1. Ollama local — qwen2.5:32b, deepseek-r1:14b, llama3.1:8b (offline, free)
2. GitHub Models — gpt-4o-mini via free inference API (default, 50 req/min)
3. Anthropic — claude-sonnet-4-6 (requires ANTHROPIC_API_KEY, fallback)
# 1. Install dependencies
pip install -r requirements.txt
# 2. Configure (copy and fill in your keys)
cp config.json.example config.json
# 3. Run
python3 trader.py --dry-run # simulate, no orders placed
python3 trader.py # paper trade
# 4. Telegram approval bot (optional, run alongside trader)
python3 broker/approval_bot.py &
# 5. Backtest the rule layer
python3 backtest.py
# 6. Deploy 24/7 (Oracle Cloud Free Tier)
bash scripts/server_setup.shRequired in config.json:
{
"watchlist": [{"symbol": "NVDA", "market": "us-stock"}, ...],
"alpaca_api_key": "...",
"alpaca_secret_key": "...",
"alpaca_paper": true,
"telegram_bot_token": "...",
"telegram_chat_id": "...",
"openbb_fmp_key": "...",
"openbb_fred_key": "..."
}Walk-forward backtest with lookahead-bias fix, 0.1% round-trip commission, no LLM in the loop:
| Symbol | 2yr Return | Win Rate | Sharpe |
|---|---|---|---|
| NVDA | +1.20% | 87.5% | 0.99 |
| AAPL | -0.58% | 28.6% | -1.24 |
| MSFT | -0.24% | 0.0% | -0.88 |
| BTC | -0.58% | 25.0% | -0.64 |
| ETH | -0.40% | 25.0% | -0.32 |
Average: -0.10% over 2 years. The mechanical rule layer alone has no edge — alpha comes from the LLM signal layer and signal prioritization. See STRATEGY_TEARDOWN.md for the full post-mortem.

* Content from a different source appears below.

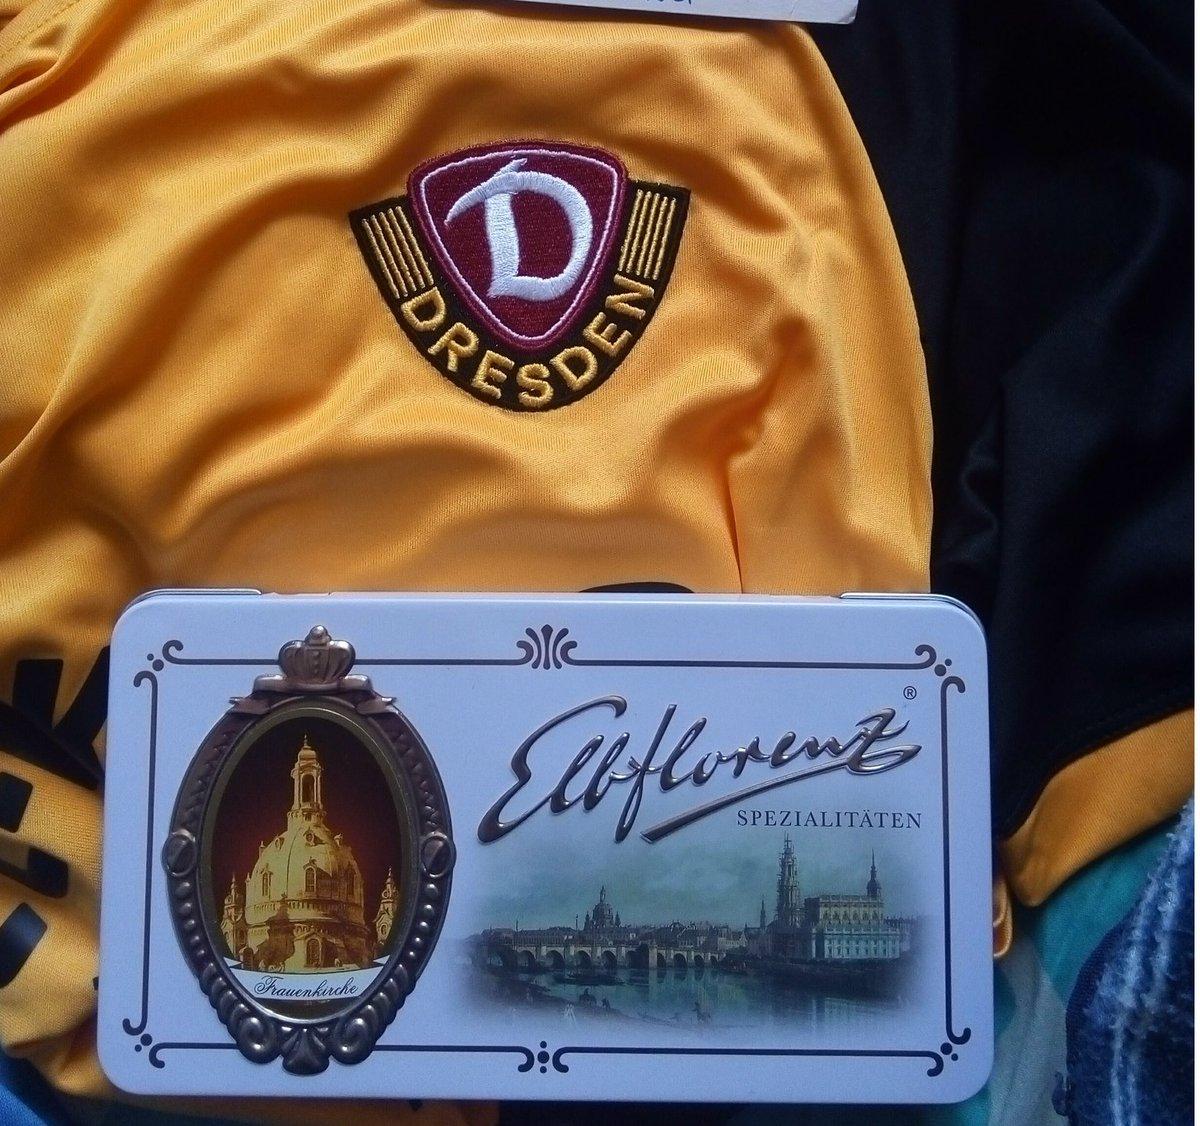 test Twitter Media - @HolgerScholze Hallo, Ich wünsche dir einen schönen Abend! gestern ein @DynamoDresden Fan hat mir ein offizielles Teamtrikot und ein paar leckere Pralinen als Geburtstagsgeschenk geschickt hat. Ich bin sehr froh, das Shirt erhalten zu haben 😊😍  Grüße aus Lima, Peru https://t.co/lZtIfU5iK4

This is not a "I built a trading bot that beats the market" project. It demonstrates:
- Honest testing — walk-forward backtest, lookahead-bias fix, realistic commission model
- Production risk controls — drawdown halt, earnings blackout, correlation guard, regime filters
- LLM integration — multi-agent debate as signal aggregator, not as oracle
- System design — parallel signal fetch, RAG memory, approval gate, dual-broker execution
- Engineering judgment — knowing what signals to trust and in what order
The value is in the architecture and judgment calls, not the P&L.
This project is for educational and research purposes only. Nothing here constitutes financial advice. Paper trading results do not predict real trading outcomes.